LIT-229: World Mythology at SNHU | Daniel M. Clark

LIT-229: World Mythology at SNHU

In Musings of a Middle-Aged Studentby Daniel M. ClarkAdvertising present (What's this?)

Like a history class, I thought that World Mythology might be a great source of inspiration for my own stories. Where HIS-200 failed to be engaging, I did find World Mythology to be interesting, a bit challenging, and even fun.

About LIT-229

The workload isn't too burdensome. There are four discussions, four journals, and five quizzes. The final project is broken up into three milestones, all of which the student may combine into the week seven submission. Oddly, the first milestone is a discussion, so it's almost more like five discussions and two milestones. I appreciate any class that makes the final project part of the curriculum from week one, as this one does.

I also appreciate that the material in LIT-229 was far more than just learning the names of the Greek and Roman gods. This course is more about the concept of mythology than the myths themselves. We learned how myths begin and how they spread, and we read theories from Jung and Campbell. The course devotes a week to gender archetypes in myth and another week to heroic myths. I found the connections between ancient myths and modern society fascinating.

The following is the only feedback I felt I needed to share with the school.

It was a great class, don't change a thing. I especially like the textbook, and I'm happy that I decided to buy the print version so that I can keep it as a reference.

Maybe I've just been lucky, but I have yet to run into a bad instructor. Aimee Ford was my professor for LIT-229, and she was great. I emailed her twice during the term and received friendly, professional replies. Professor Ford's announcements were frequent and helpful, and she made the discussions interesting.

The Textbook

Introduction to Mythology: Contemporary Approaches to Classical and World Myths by Eva M. Thury and Margaret K. Devinney is the book. I'm happy that I bought the print version. Unlike books in previous terms, I ordered this one from Amazon for $90. Unfortunately, I can't see what the school bookstore charges because I can't look up materials from previous terms. The price was, I believe, close to the school bookstore's price at the time, but I wanted it fast and free. (And I get 5% back when I use my Amazon credit card).

I decided on print after polling students on Facebook. As I get further into the degree program, I wonder if any of the books would be useful after I earn the degree. Reviews for this one were positive and having used it now, I can see why. It's easy to read, well organized, and it will be a great resource for the type of stories I'll write after graduation.

The Final Project

I'm mildly satisfied with what I wrote here. The assignment a paper centered around an archetype in mythology. I chose the trickster archetype partly because I'm working on a series of stories about a trickster—not Loki. In fact, I went out of my way to avoid writing about Loki. Instead, I chose Anansi and Coyote from the African and Native American traditions.

I had a few points knocked off in the rubric; Professor Ford would have liked to see a bit more development in two areas.

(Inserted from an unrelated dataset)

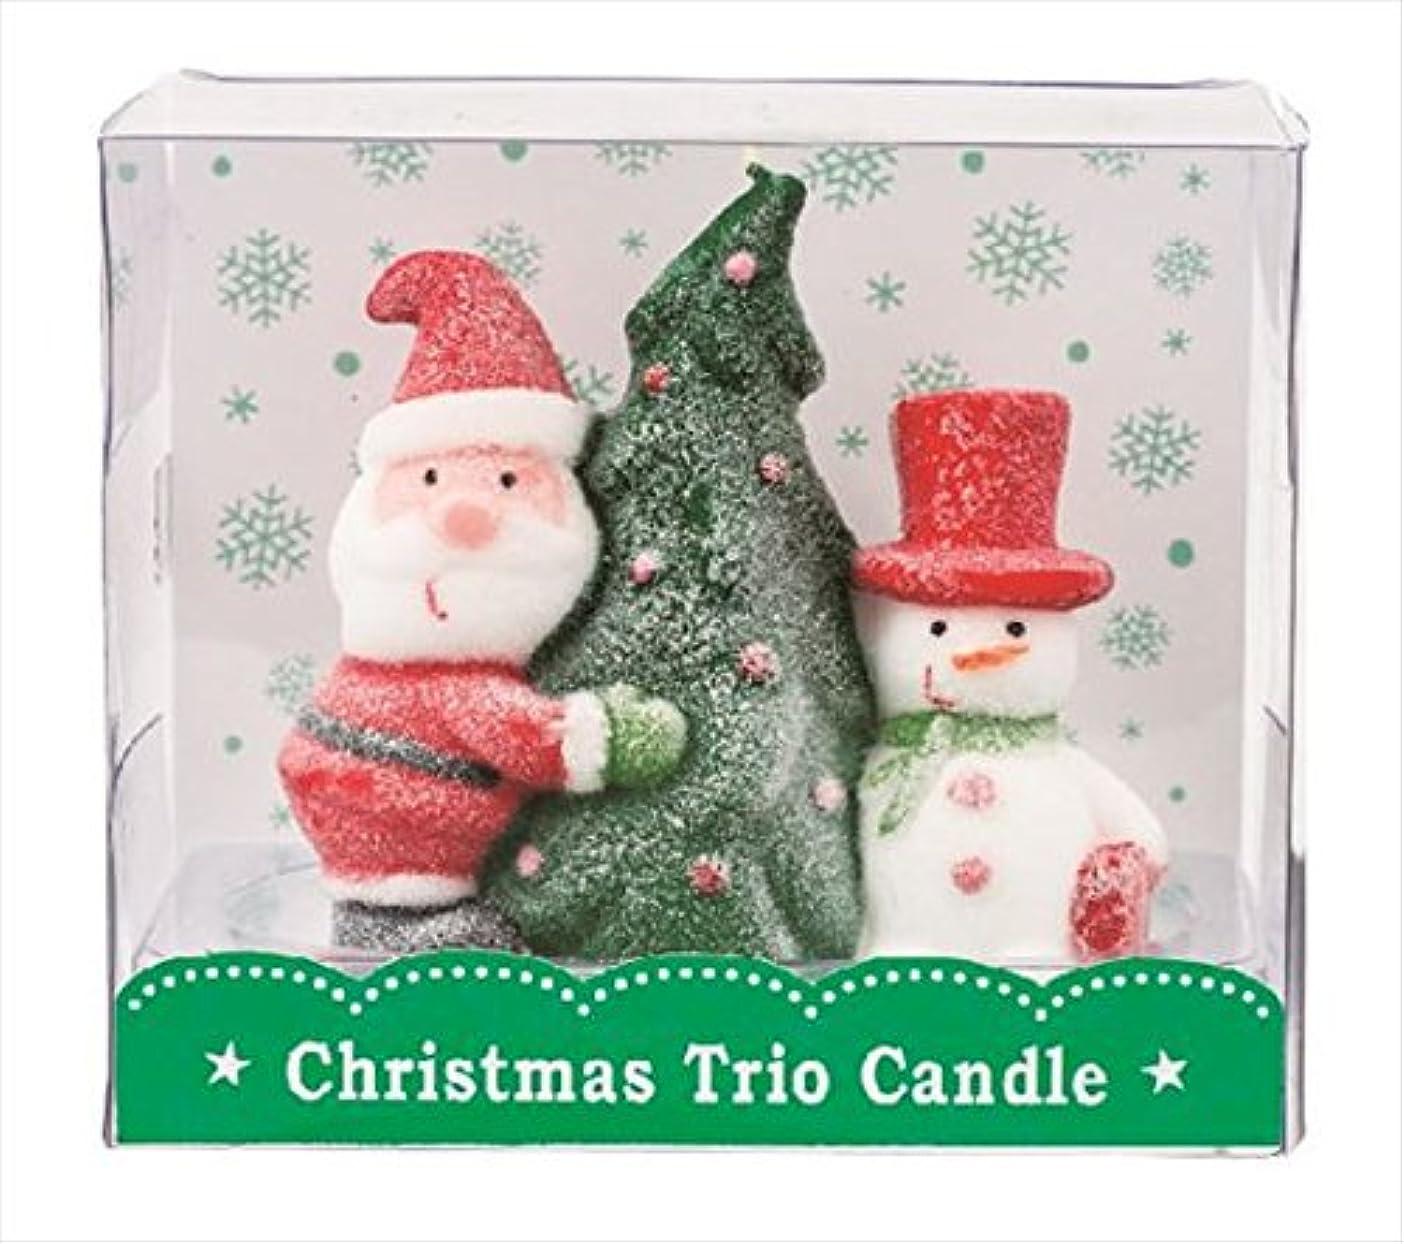 移住するベッドを作るパトロンカメヤマキャンドル(kameyama candle) クリスマストリオキャンドル 「 ツリー 」

Still, the paper came back with at 97.9% so no complaints.

Advice for Students Registering for LIT-229 at SNHU

  • Challenge yourself. Sure, your final project can be about the Greek and Roman gods you've known about all your life. Try something different.
  • You're probably a writer if you're taking this course. Buy the print book. It looks nice on a shelf, it's easy to use, and most importantly, it's an excellent resource. School ebooks go away eventually. You'll use this for years to come.
  • The course includes a PDF of mythology terms. I didn't think it was useful until it came to the final project. Still, make sure you have a good understanding of the more common words until you find you need the others.
  • Go watch Crash Course: Mythology if you haven't done anything with mythology since high school. It's a fun series that lays down the basics and shares some great stories. And it uses this course's textbook (among others) as a resource!
  • Myths, legends, fairy tales, and folk tales are all different things. You'll get into it in class, but always keep this in mind as you're reading. When it comes to your assignments, and especially your final project, you'll want to use myths specifically.

In the End

The research was challenging and the reading wasn't always easy, but I thoroughly enjoyed the class. Much of what we do as writers has roots in mythology and it was great fun to explore some of that.

In her introductory announcement, Professor Ford asked us if we had any concerns. This was my response:

I don’t believe I have concerns to start off with, but this will be the first term at SNHU that I feel will be challenging for me. I don’t have a grade lower than 99 in any class so far, but World Mythology and Context of Writing together look to be pretty dense, so we’ll see how it goes!

Final Grade: A (98.6%). So, yeah, it went fine.